PINKER: Yes, I talk not only about the extraordinary similarities in quirks of behavior, such as sneezing in elevators; that I mentioned just to illustrate that the mind has a great deal more genetic specificity than we would have naively predicted. But I also talk about more profound similarities and differences between identical twins. The similarities are not just in the quirks; they are in fundamental dimensions of personality, such as whether you're conscientious or sloppy, whether you're anxious or relaxed, and whether you're antagonistic or friendly. Those traits also show a high, though nowhere near perfect, correlation between identical twins.

I also discuss hypotheses about why identical twins, though highly similar, are not identical in personality. One possibility is sibling interaction, in which each twin strives to differentiate herself or himself from the other twin. I also talk about chance factors that occur in an individual's lifetime: perhaps there is some effect of being chased by a dog, or receiving an act of kindness. Also, there are surely many unpredictable factors in the growth of the brain, since the gene can't specify every connection. I think it's an exciting project for psychology to test these hypotheses, and many personality psychologists are engaged in it. We know that one putative factor, namely growing up with a given set of parents, has a surprisingly small effect on long-term personality. In general, this research focuses our attention on the factors other than the genes that make us what we are.

QUESTION for Pinker: I partly agree with Pinker that procreation is important for loving your partner. But I would argue that procreation actually can much better explain why partners cheat each other, trying to find a higher chance for procreation, but it doesn't necessarily explain why. So: why would a partner stay with their spouse, as opposed to cheating and trying to find higher chances for procreation. Also, you didn't comment on what Rose said about homosexual love.

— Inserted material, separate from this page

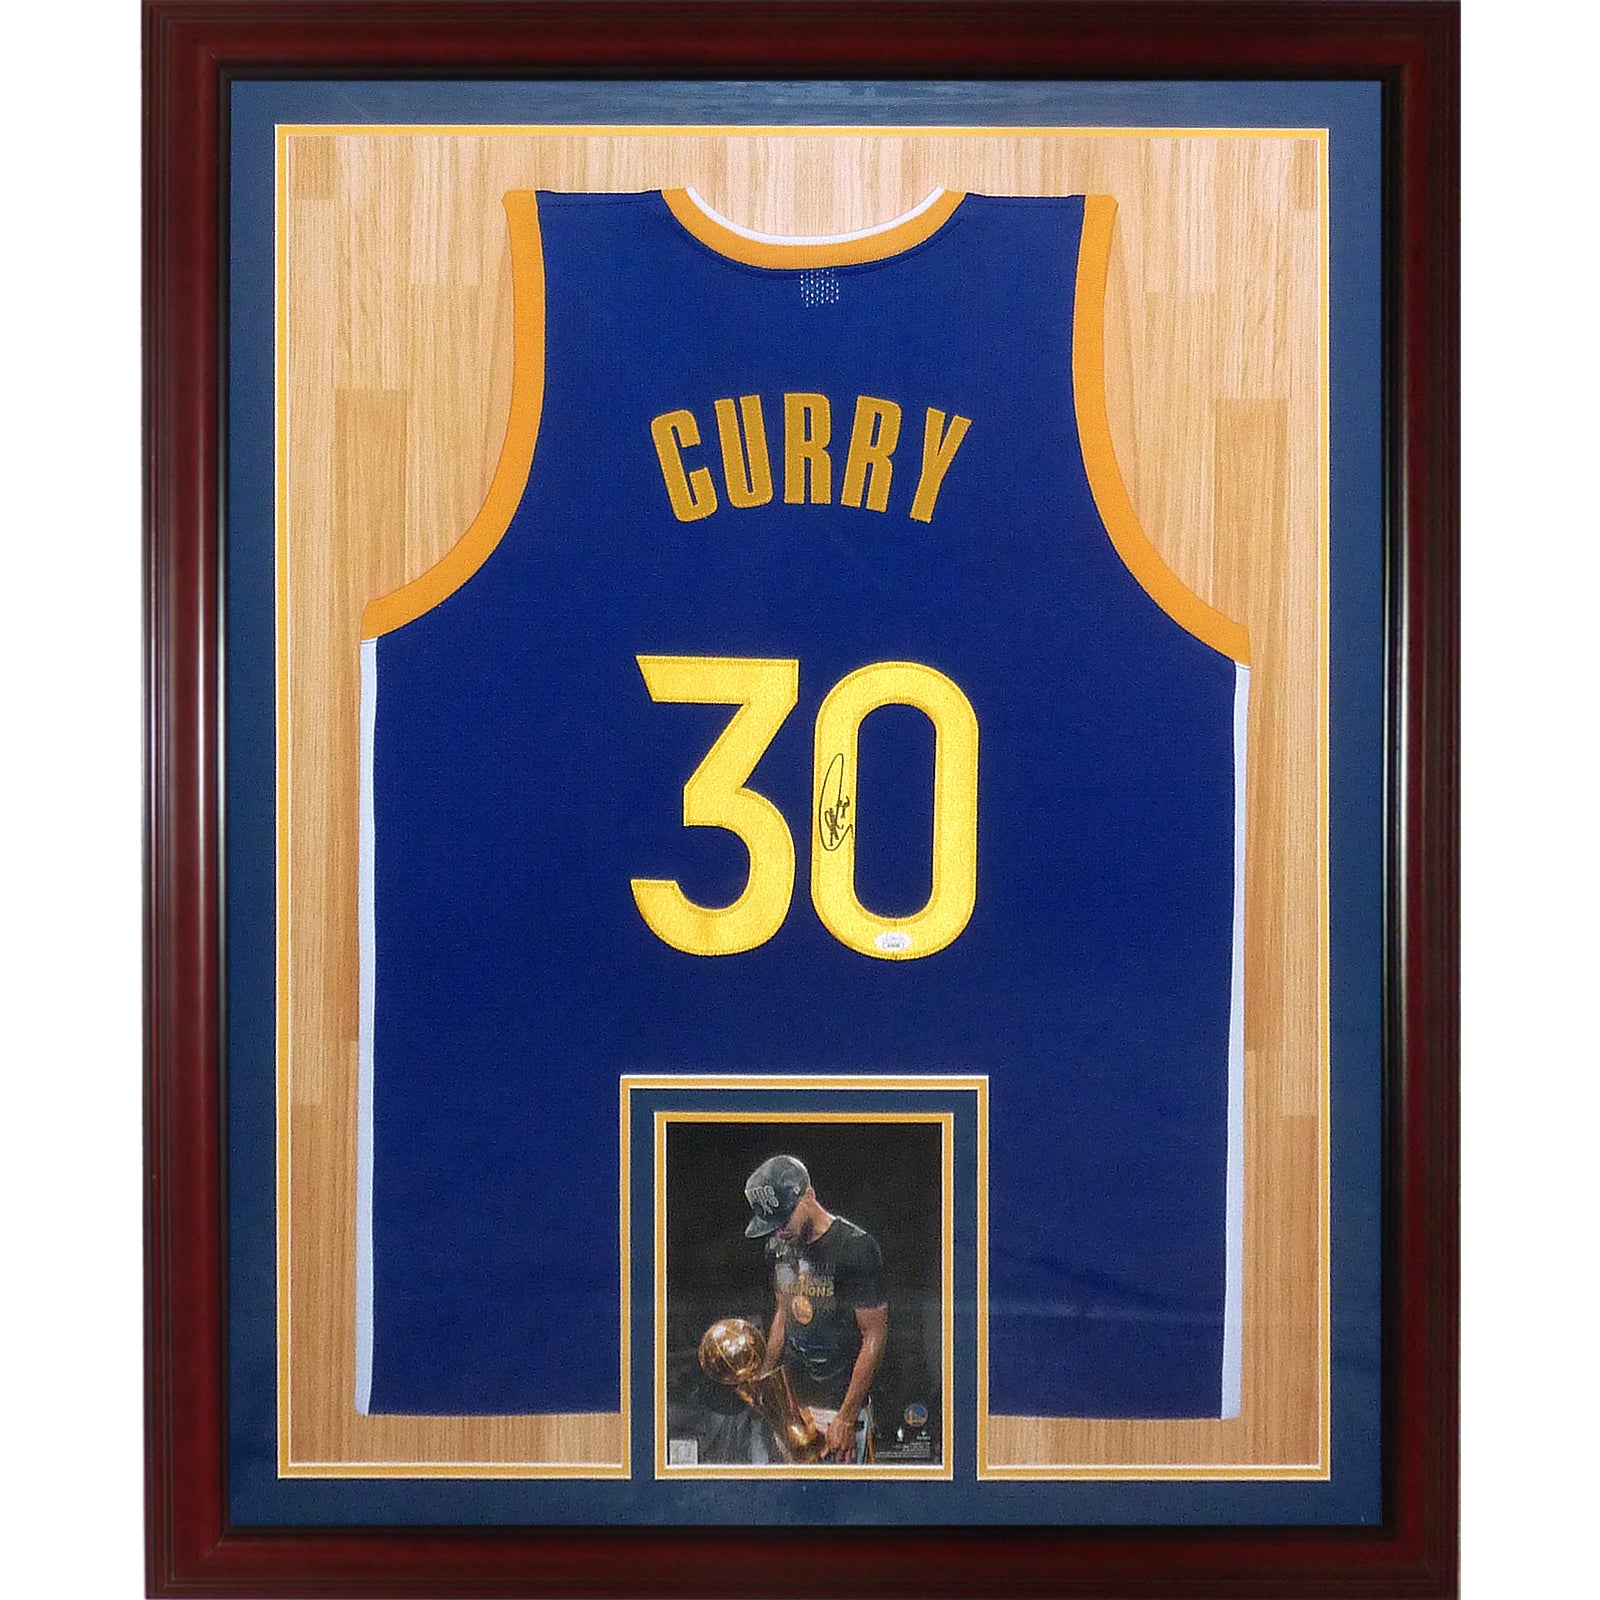 Stephan Curry Golden State Warriors #30 Jersey player shirt

PINKER: I actually do have an extensive discussion of love as opposed to lust and sexual desire. I think the long-term commitment that you see in a husband and a wife, or in two close friends, and in homosexual lovers-although I don't talk much about homosexuality in the book-comes from a different dynamic. It's analogous to symbiosis in the natural world. You start off with a commonality of interest, that is, what is good for me is good for someone else. In the case of heterosexual marriage that trigger can be the shared genetic interest in the children, but in the case of close friends it could be things like having common interests, having common enemies, having common tastes, and so on. Once what's good for you is good for someone else, that gives you a stake in their well-being, and so you're apt to value them. If you value them, that makes you more valuable to them, and they're likely to value you, and you can get a positive feedback loop where the coalition of two people with common interests can develop into a long-term attachment. We experience this as the emotion of long-term companionate love. I think that's what keeps married couples together, and what keeps close friends together. It's a different emotion than sexual desire, and it's a different emotion than the head-over-heels infatuation that often gets a couple together to begin with. So love is a set of emotions, and I discuss them separately in the book.

ROSE: Steve has provided a neat cost benefit analysis of the merits of love, and it's precisely the point that I was making before about metaphors which he was so uneasy about. Here's a metaphor and a mode of thinking that he's taken over lock stock and barrel from a particular set of economic theories, and applied with enormous energy and ingenuity by evolutionary psychology. I happen to think it's a very impoverished way of trying to describe much more complex phenomena.